HOW TO COMPLETE THIS TASK:
Exactly as written, return all the data, leaving its pictures behind.
[Opening PROVIDED MATERIAL section]
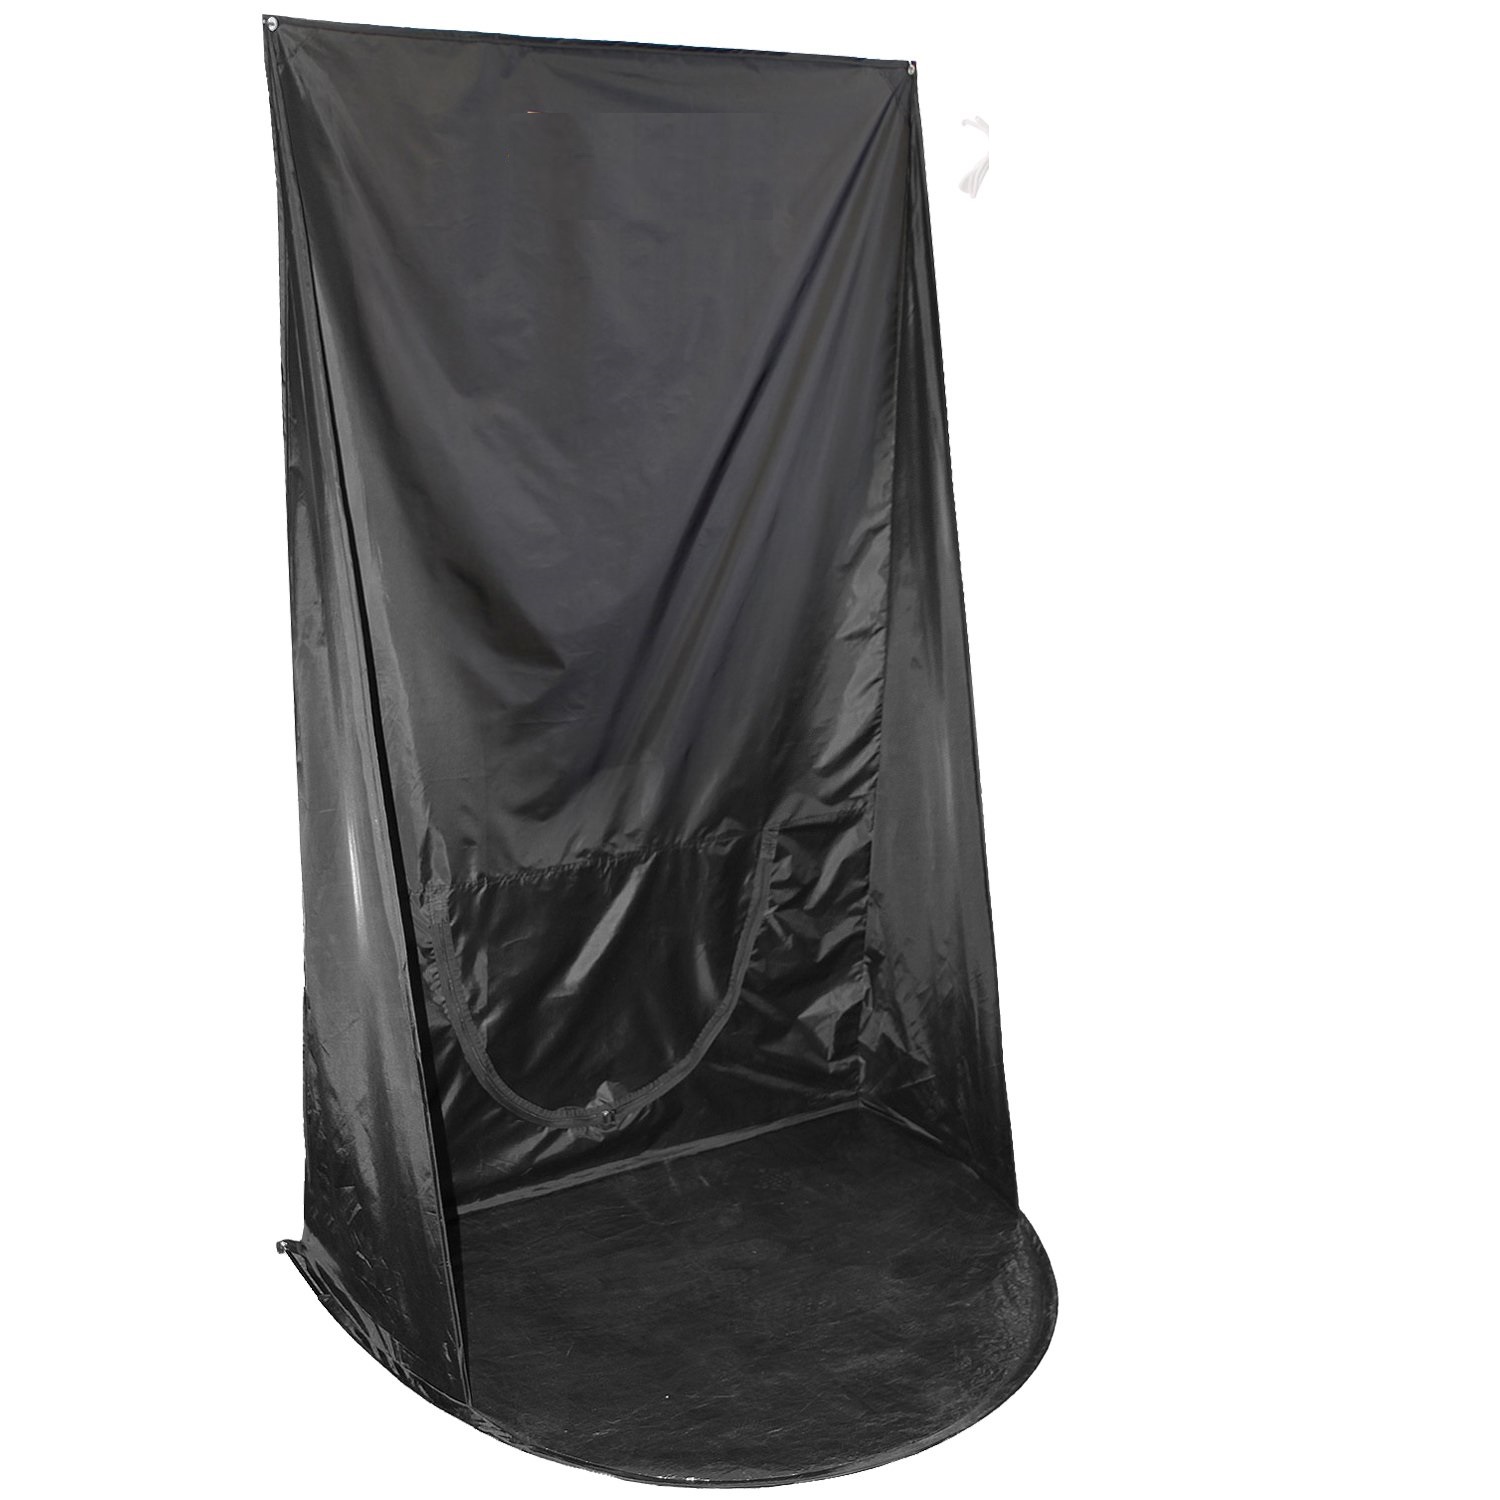 Spray Tanning wall hanging tanning tent
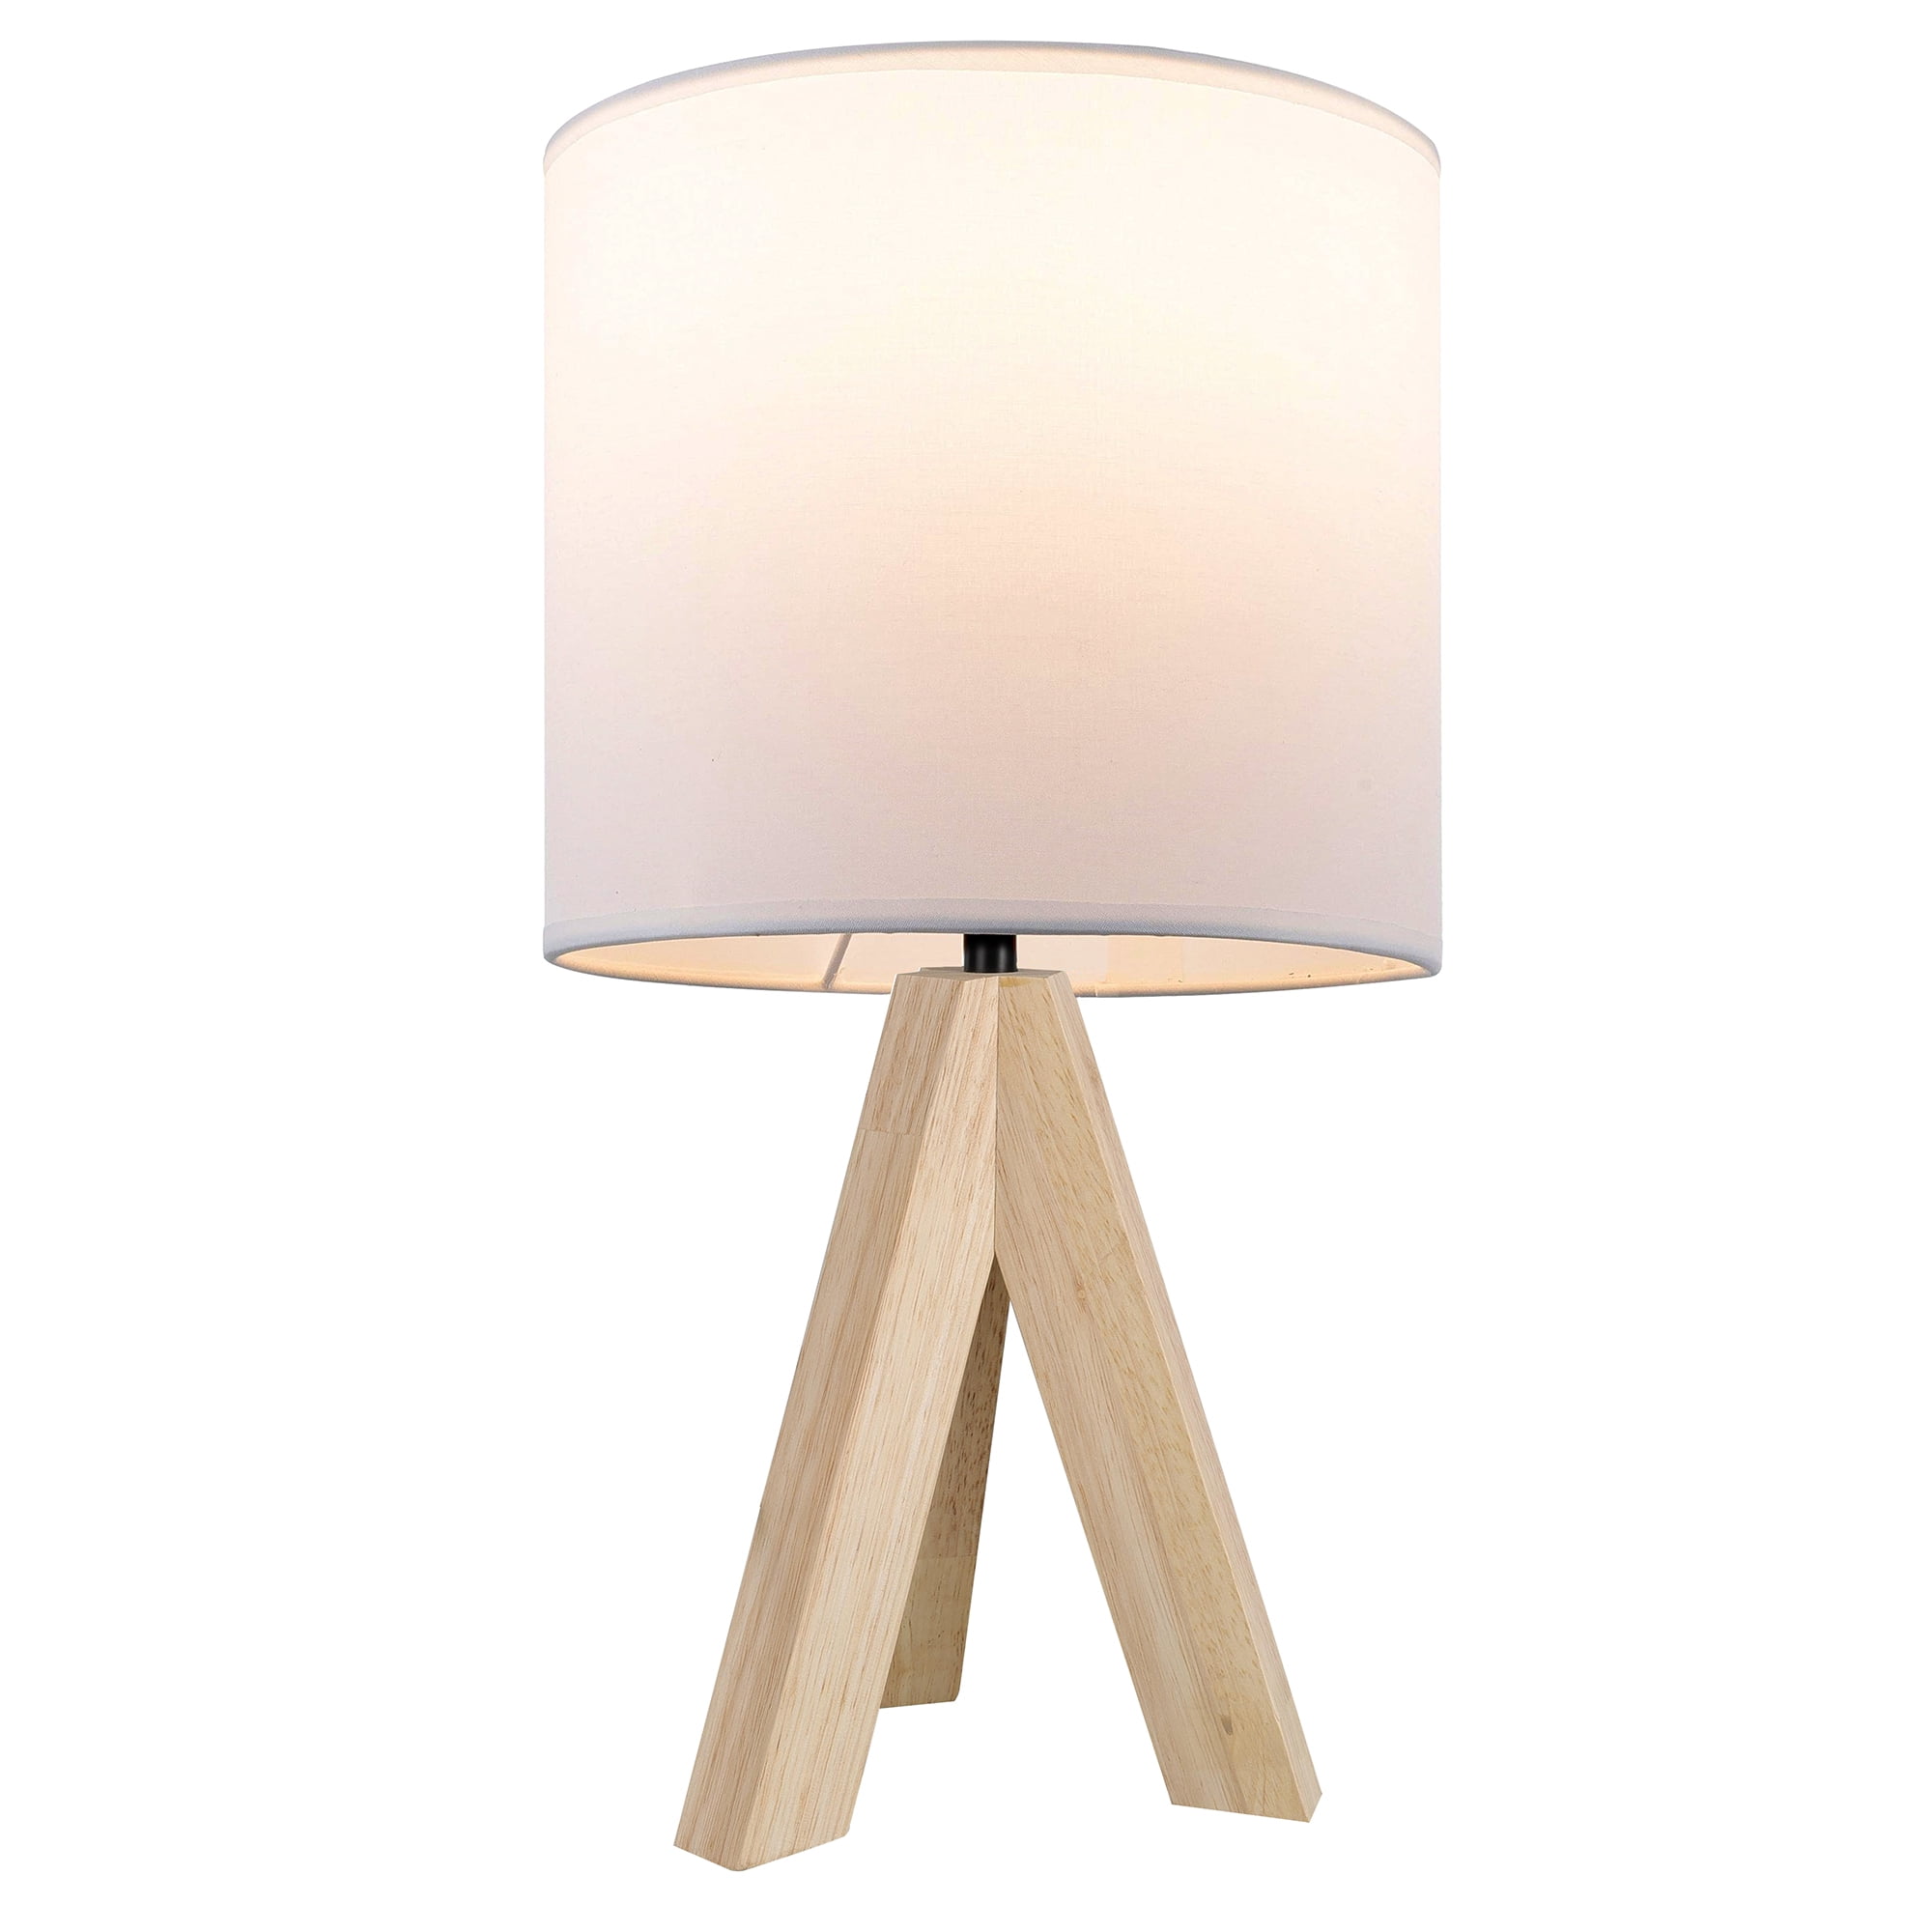 Mainstays Tripod Oak Table Lamp with Classic White Fabric Shade, 16.75"H
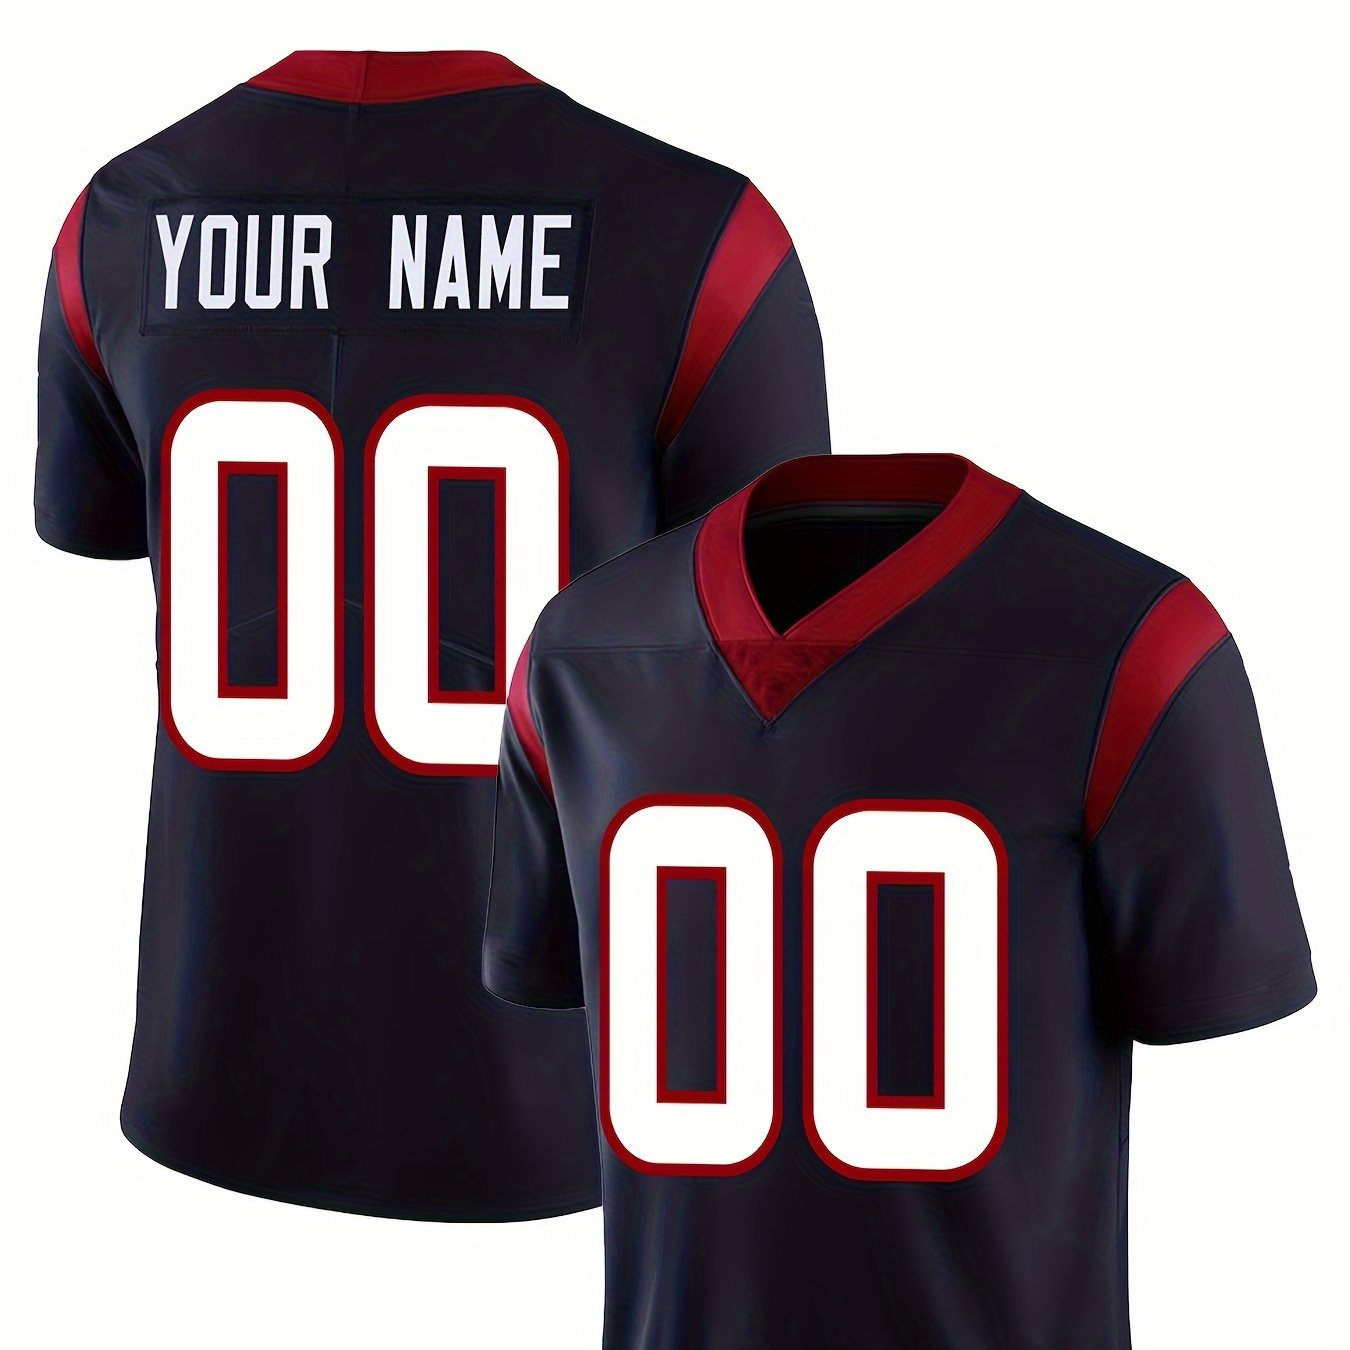 

Customized Name And Number Design, Men's Short Sleeve Loose V-neck Embroidery American Football Jersey, Retro Color Block Rugby Jersey, Summer Parties
[Closing PROVIDED MATERIAL section]
PROBLEM SOLUTION:
 Spray Tanning wall hanging tanning tent
 Mainstays Tripod Oak Table Lamp with Classic White Fabric Shade, 16.75"H

Customized Name And Number Design, Men's Short Sleeve Loose V-neck Embroidery American Football Jersey, Retro Color Block Rugby Jersey, Summer Parties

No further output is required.